Material shown
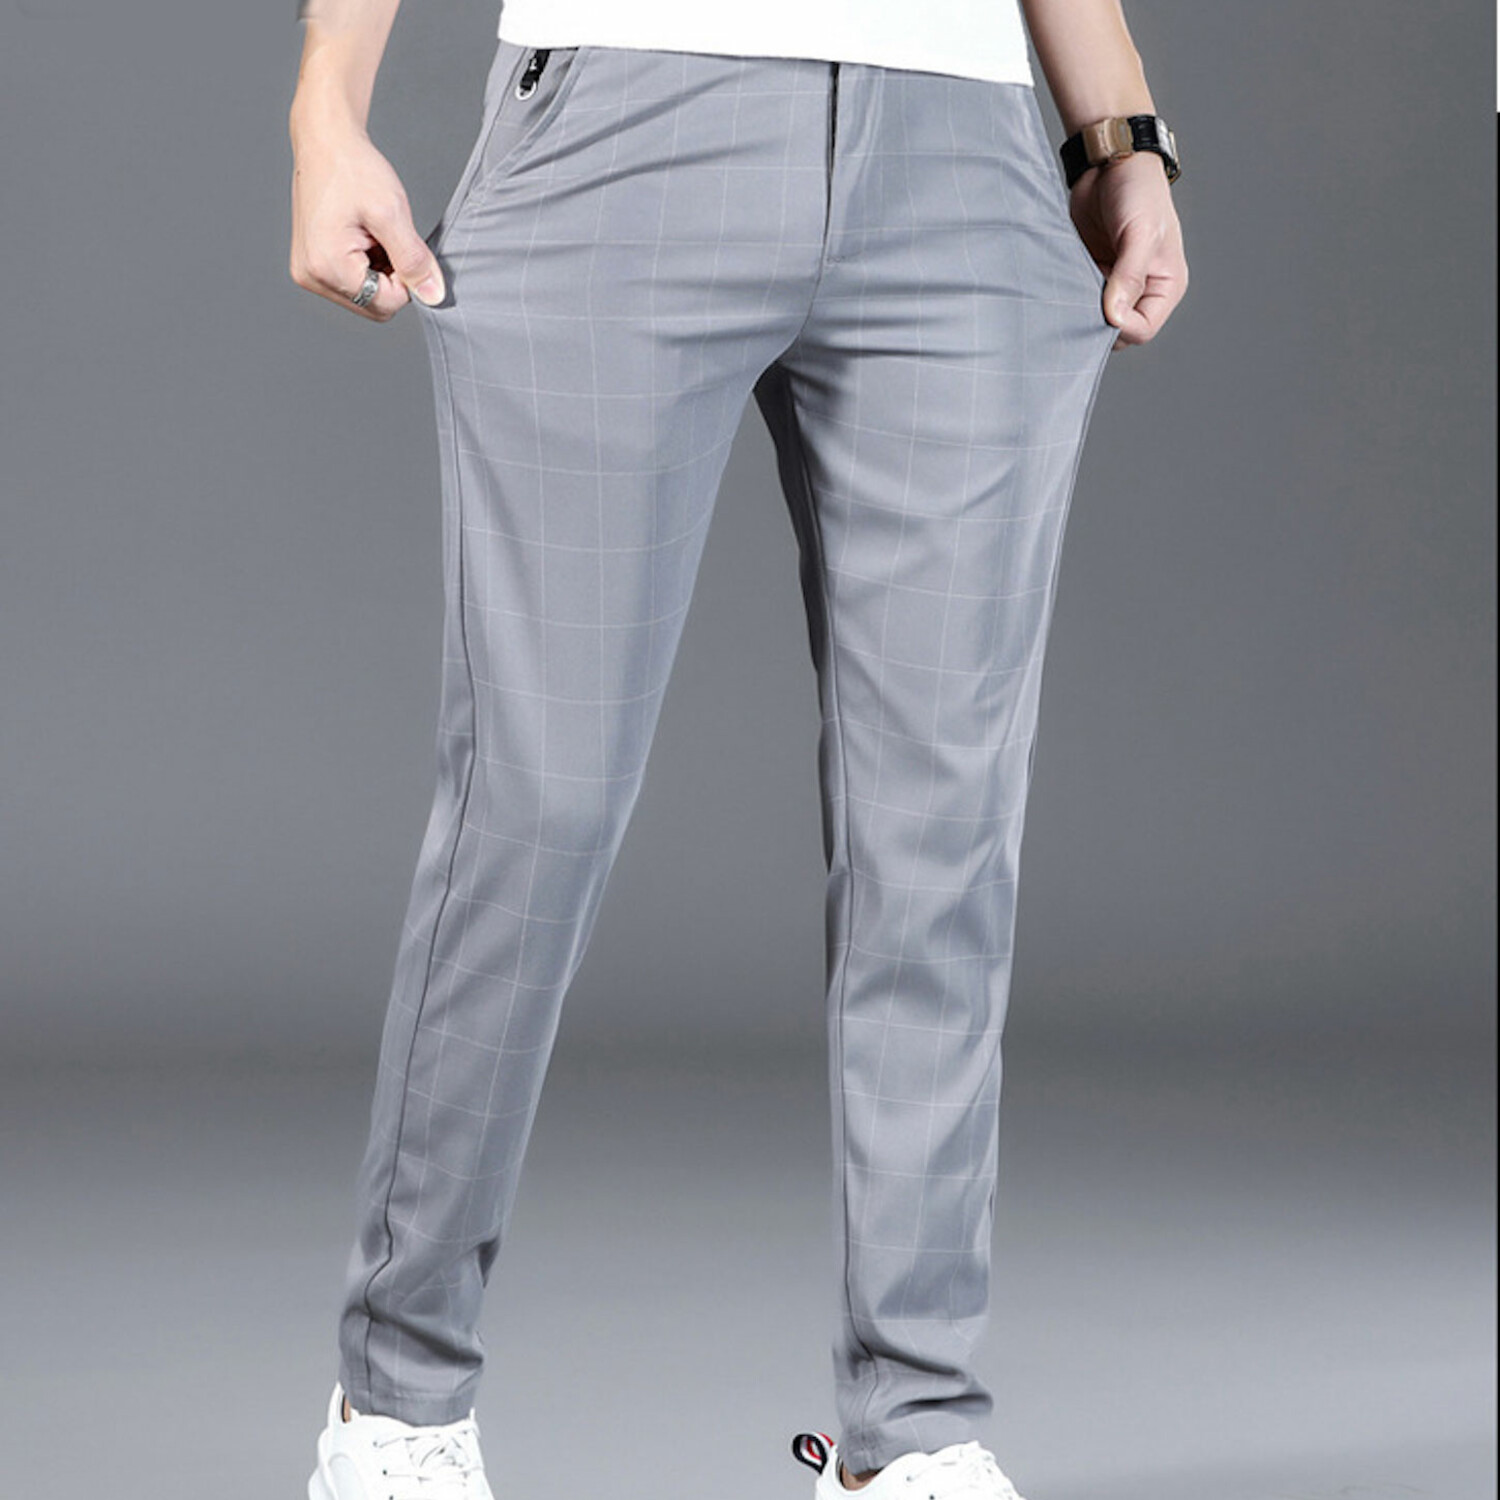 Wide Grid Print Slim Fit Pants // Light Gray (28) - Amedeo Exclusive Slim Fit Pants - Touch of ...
* * *
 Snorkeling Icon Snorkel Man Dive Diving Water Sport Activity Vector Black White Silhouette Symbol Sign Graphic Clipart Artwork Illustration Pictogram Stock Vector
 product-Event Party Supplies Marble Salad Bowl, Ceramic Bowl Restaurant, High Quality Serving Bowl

Exercise brief
Take the records above and return, word for word, only the lines that fall from the line with "Snorkeling Icon Snorkel" to the line with "product-Event Party Supplies", both of them included.

Exercise output
 Snorkeling Icon Snorkel Man Dive Diving Water Sport Activity Vector Black White Silhouette Symbol Sign Graphic Clipart Artwork Illustration Pictogram Stock Vector
 product-Event Party Supplies Marble Salad Bowl, Ceramic Bowl Restaurant, High Quality Serving Bowl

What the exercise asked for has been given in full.